Main Outcomes and Measures  The primary outcome measure was the change in the apnea-hypopnea index (AHI) after surgery (AHI represents the number of apnea-hypopnea events per hour). Other outcome measures were differences in the surgical response rates, lowest oxygen saturation, subjective visual analog scale scores for snoring and apnea, and Epworth Sleepiness Scale score.

 

Results  Fifty of the 63 patients (79%) were male; the mean age was 42.1 (range, 20-54) years, and the mean body mass index (calculated as weight in kilograms divided by height in meters squared) was 27.6 (range, 19.0-32.1). Expansion sphincter pharyngoplasty was performed in patients with OSA with an AHI greater than 15 events per hour, more than 75% retropalatal circumferential narrowing when awake, and narrowed oropharynx due to bulky soft tissue around the lateral pharyngeal wall.

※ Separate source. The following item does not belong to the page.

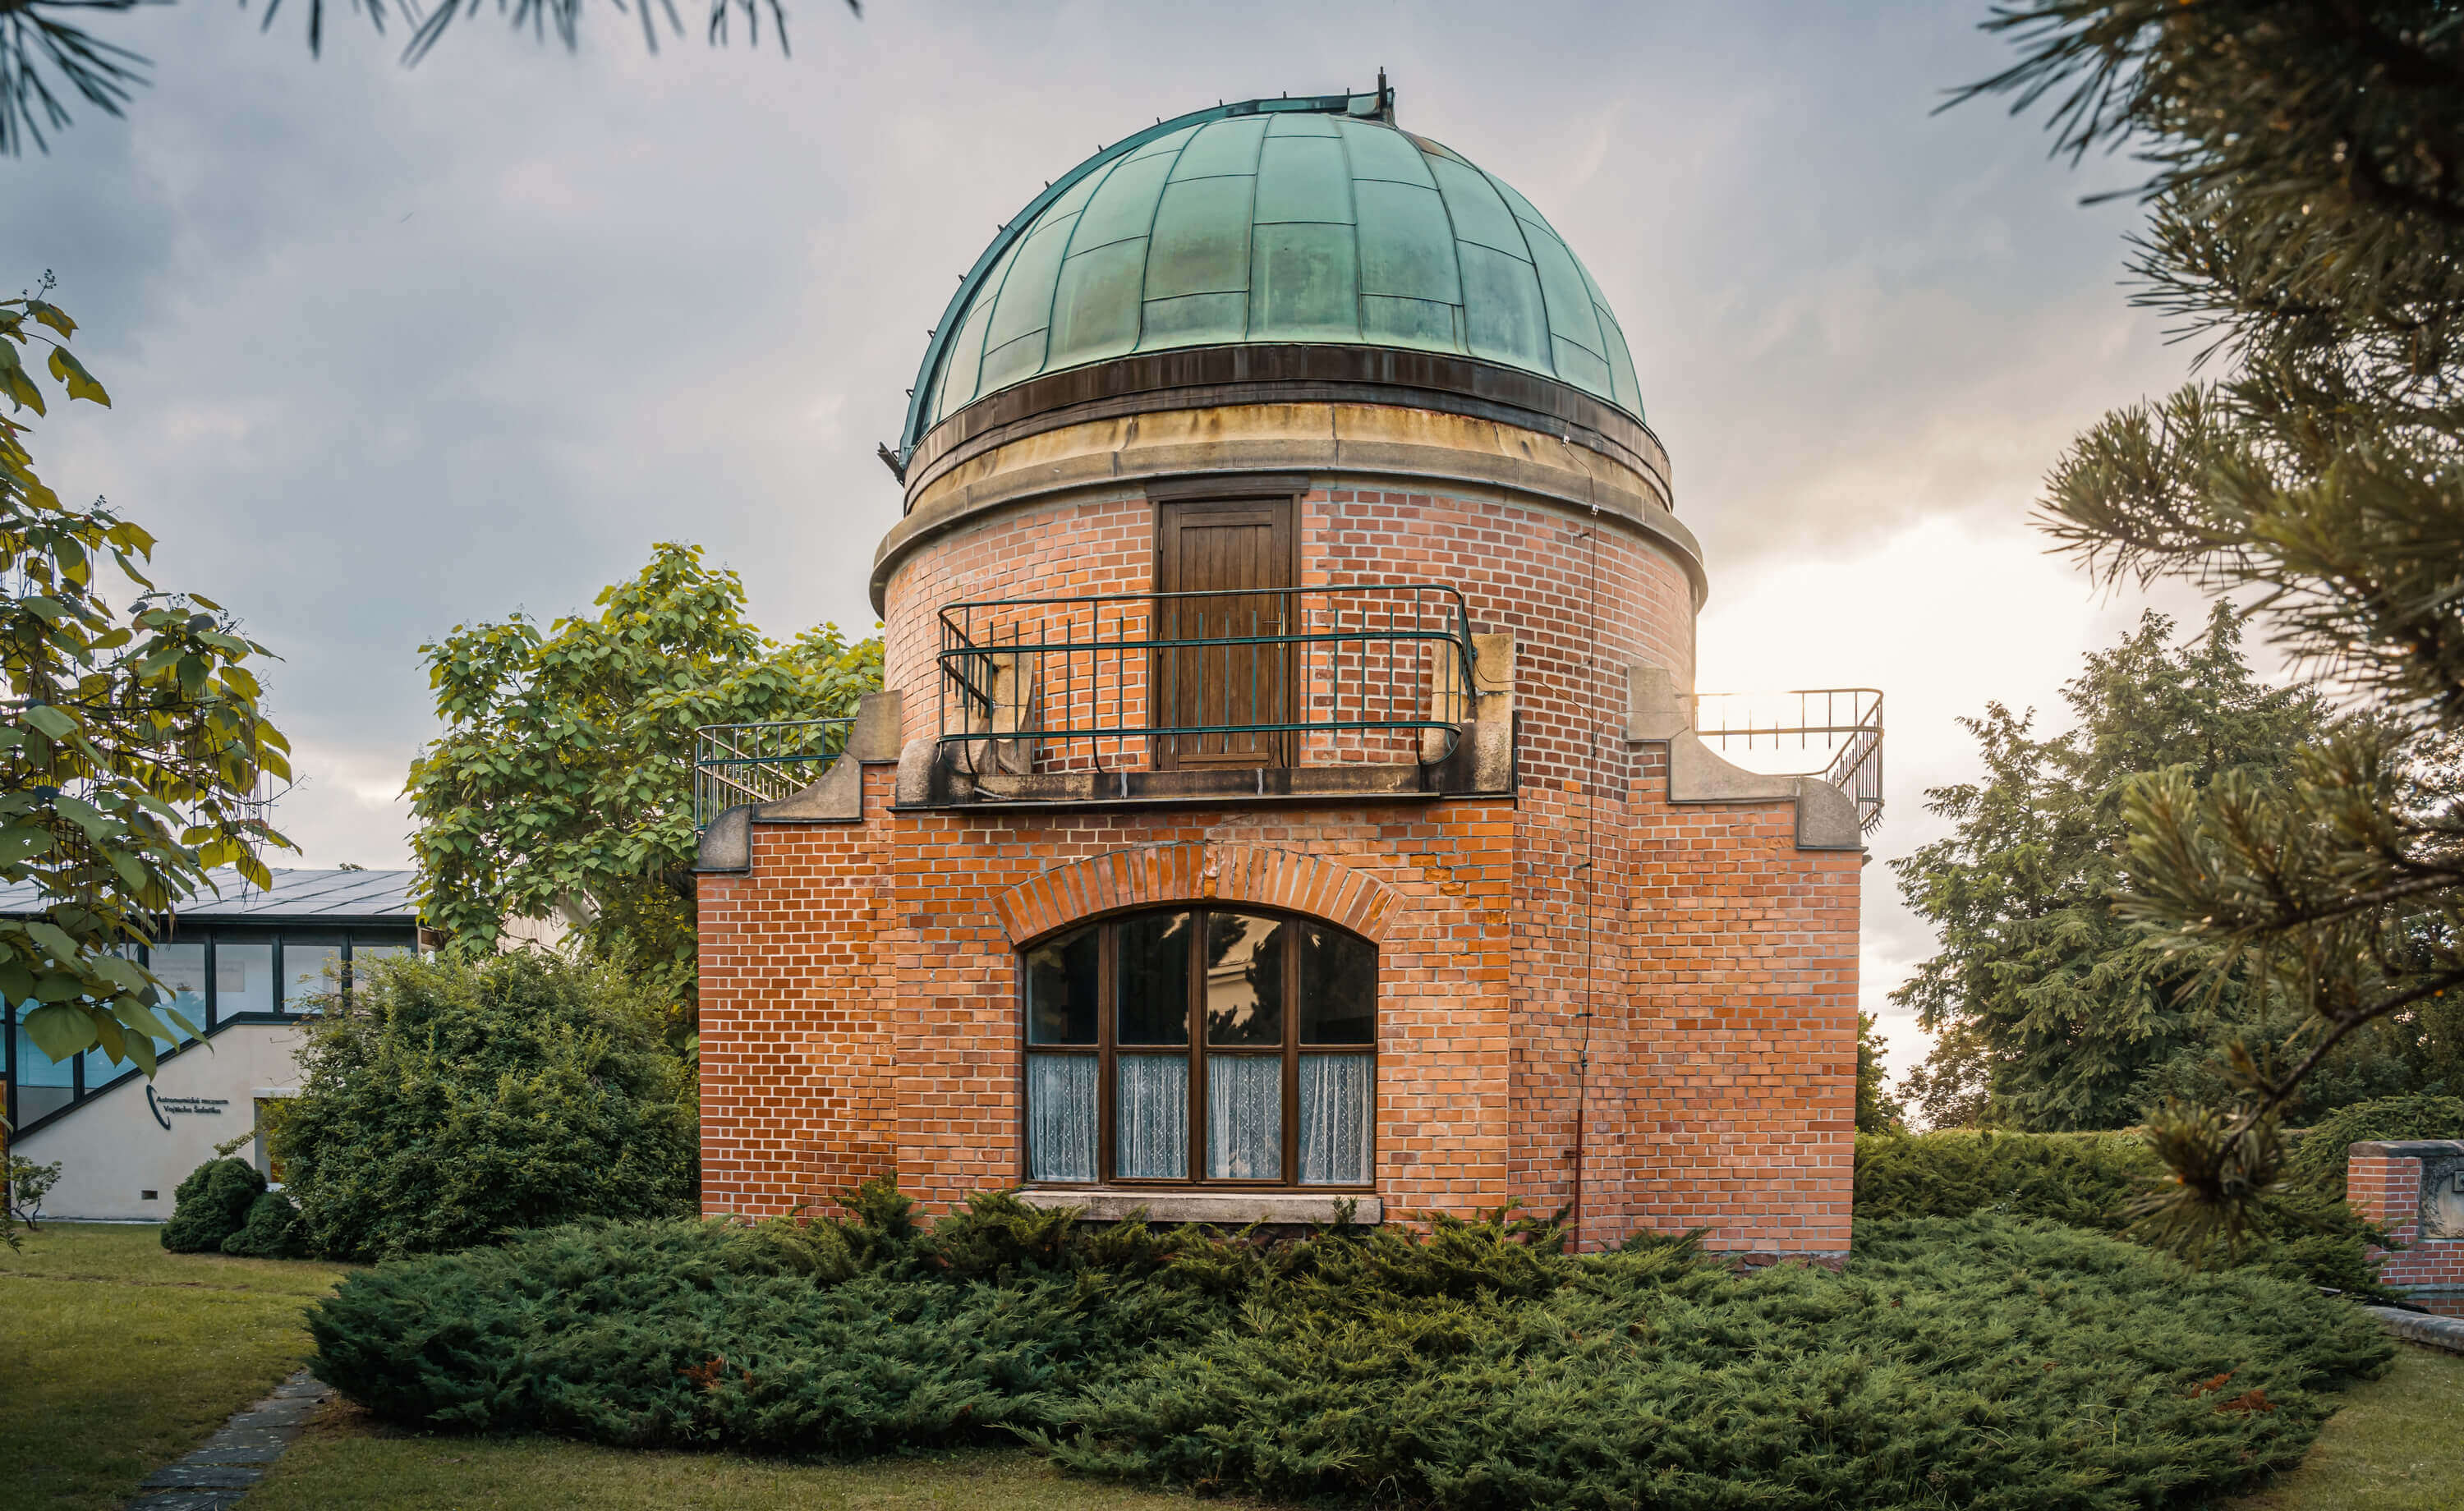 Ondrejov observatory

In 42 of the 63 patients (67%), ESP was objectively successful in correcting lateral pharyngeal collapse; there was a significant reduction in mean AHI from 35.5 to 17.3 (mean difference, 18.1; 95% CI, 16.3-20.0) and improvement of the lowest mean (SD) oxygen saturation measurement from 78.2% (21.3%) to 86.4% (10.6%) (mean difference, 8.60%; 95% CI, 6.60%-10.60%) 6 months after the operation. The rate of postoperative complications, including pain and bleeding, was minimal after ESP, and a few patients reported an abnormal sensation around the soft palate and swallowing difficulty after ESP.

 

Conclusions and Relevance  Expansion sphincter pharyngoplasty appears to be a promising surgical technique to reduce lateral pharyngeal collapse in patients with moderate or severe OSA. Clinical data suggest that both severe palatal circumferential narrowing and bulky lateral pharyngeal tissue are favorable surgical indications for ESP in patients with OSA.